Ruminations

Blog dedicated primarily to randomly selected news items; comments reflecting personal perceptions

Thursday, May 03, 2012

Dangerous Speed/Heedless Danger

Young and male, fascinated with speed and motor vehicles.  It's a simple enough formula, and it is one that all too often spells trouble for someone.  In this instance, the young male's date with destiny has altered his future beyond recognition, for it has made him a double murderer.  He was not intoxicated when he put himself behind the wheel of his 1992 Nissan, nor was he under the influence of recreational drugs. 

But he was most certainly infatuated with speed and under its influence his vehicle became a deadly, blunt instrument of death.  The Nissan was a high-performance sports car with six cylinders, twin turbochargers and after-market modifications whose purpose was to increase power and performance.  Although its tires had passed a safety check previously, at the time of the deadly accident they were severely worn.

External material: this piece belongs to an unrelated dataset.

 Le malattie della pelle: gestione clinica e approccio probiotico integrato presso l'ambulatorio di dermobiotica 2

The young man was interested in speed, but his was a solo passion, and he was not racing someone else in a similarly equipped vehicle in any kind of road contest.  Nor was the young adult the least bit interested in stunt-driving.  His focus was entirely on attaining speed and achieving the obvious thrill that it gave his testosterone-fuelled imagination.

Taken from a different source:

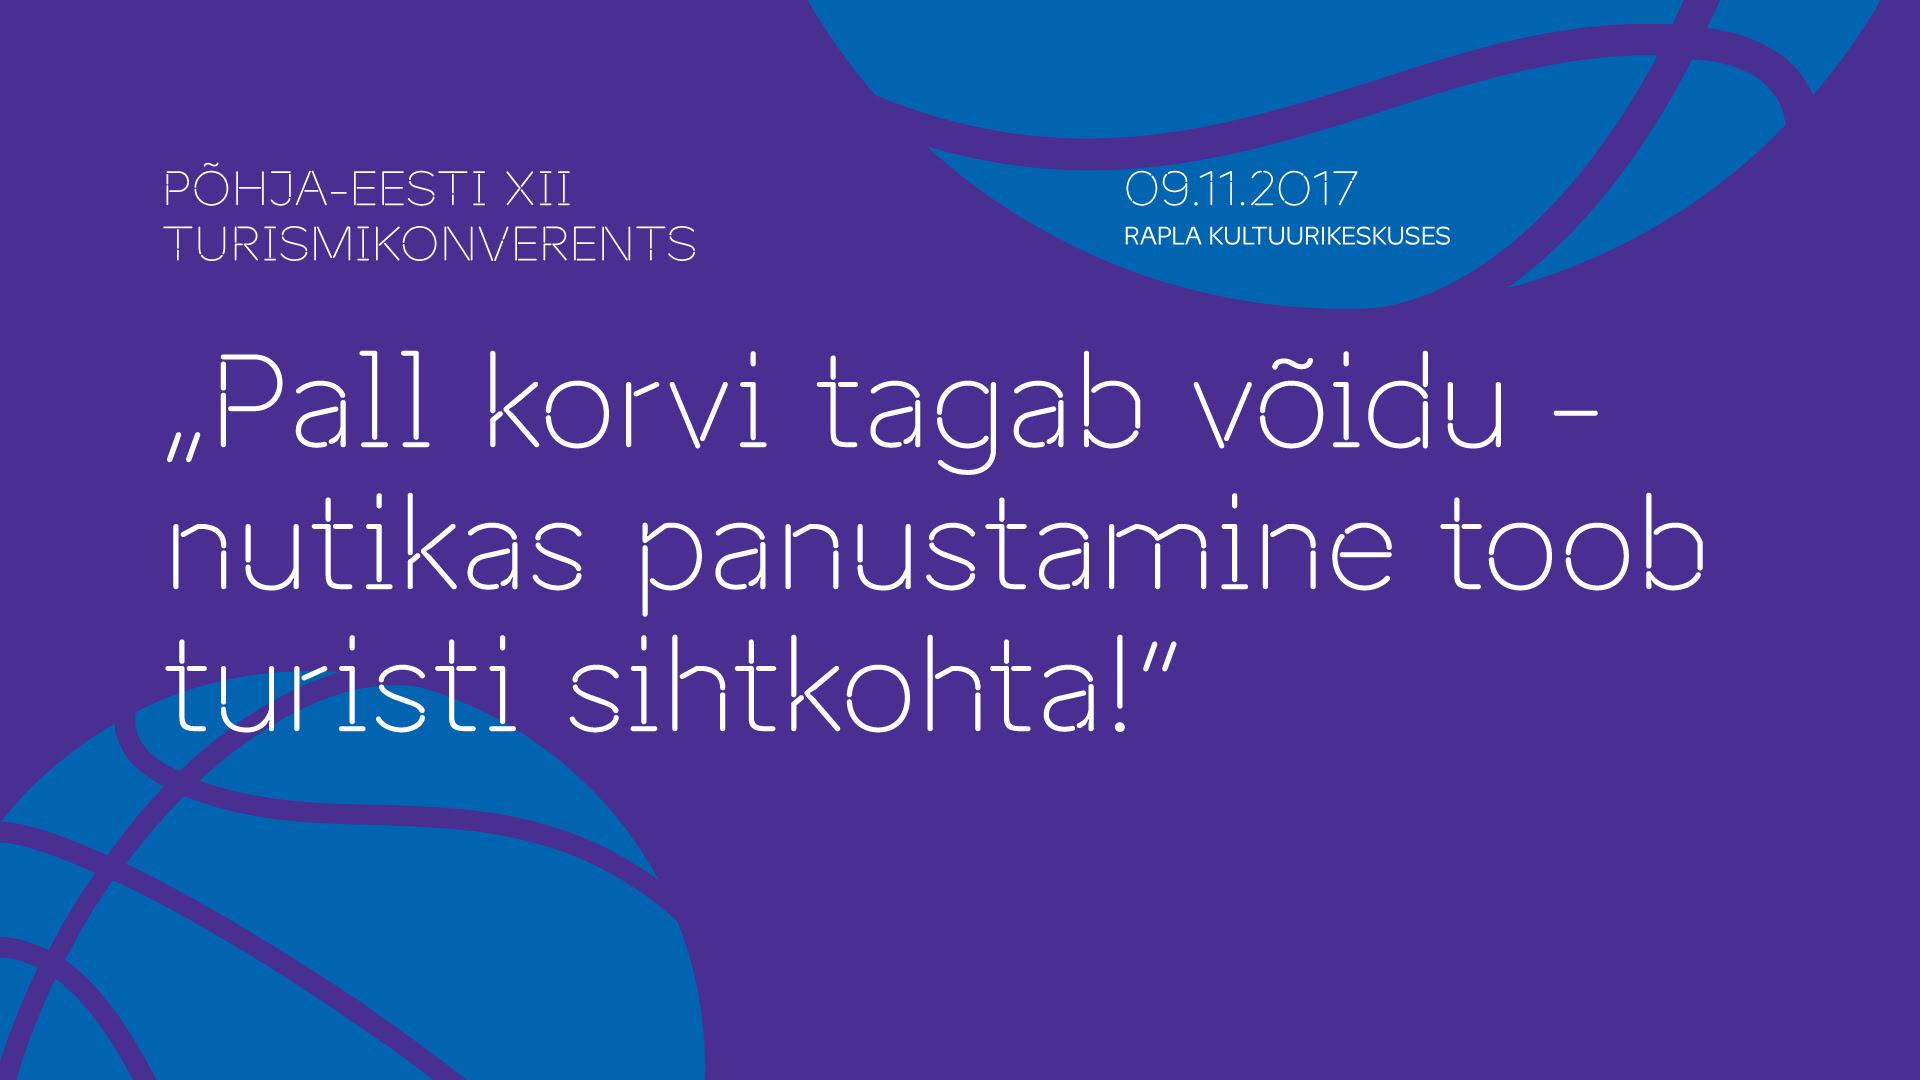 Põhja-Eesti XII turismikonverents

His passion for speed caused the death of two young parents of three young children.  Simon Banke spun the wheels of his sports care, fishtailed it out of control as the tires squealed, and drive directly into a temporary bus stop.  He was 20 when that happened, and is now two years older, as he attends his trial.  He did not hesitate to admit to the judge that he was driving at a "dangerously high rate of speed.

It was a rain-slicked street in downtown Ottawa when his car slid sideways out of control on September 16, 2010.  This is a date on a calendar that three young girls will always remember as they mourn the loss of their parents throughout their lives.  Simon Banke's Nissan 300 ZX rammed straight through a concrete/wood bench, through two newspaper boxes, through a concrete garbage can and a bus stop sign.

And then it struck Leo Paul Regnier, hitting a curb while carrying him along and finally tossing him to the pavement, pinned beneath the car.  Seconds before, the car had struck Sherrianne Regnier, slamming her into a marble pillar where she struck her head, sustained a skull fracture and fractured vertebrae, then took three days to die in intensive care.  Her husband died at the scene from a ruptured aorta.

Their three children, Sarah, 15, Jessica, 13 and Isabella, 9, became instant orphans.  They now live with an aunt, and although they weren't in the courtroom to view the face of the young man whose escapade left them bereaved and bereft, other family members were.  Six of Leo Paul Regnier's siblings were in attendance.

"He needs to know what he did was wrong.  He took away two lives, he took away a set of parents, he took away a brother, a sister.  It's not a little joke here, it's not a little boy playing a game on the roads.  I want my little brother back.  I want my sister-in-law back.  I'm sure the kids want their mommy and daddy back", Leo Paul's sister Suzanne Baker said in pain.

No one involved in this tragedy will have been unscathed, least of all the three girls.  And Simon Banke will most certainly be changed, for within the space of an eyeblink he turned from a carefree young man exercising his thoughtless fascination with achieving great speed that he never imagined he could not control, to a man whose nightmares will never end.

This is the kind of misfortune that irrevocably alters peoples lives with the pain of irretrievable loss and for which there is no cure, and little justice to be had.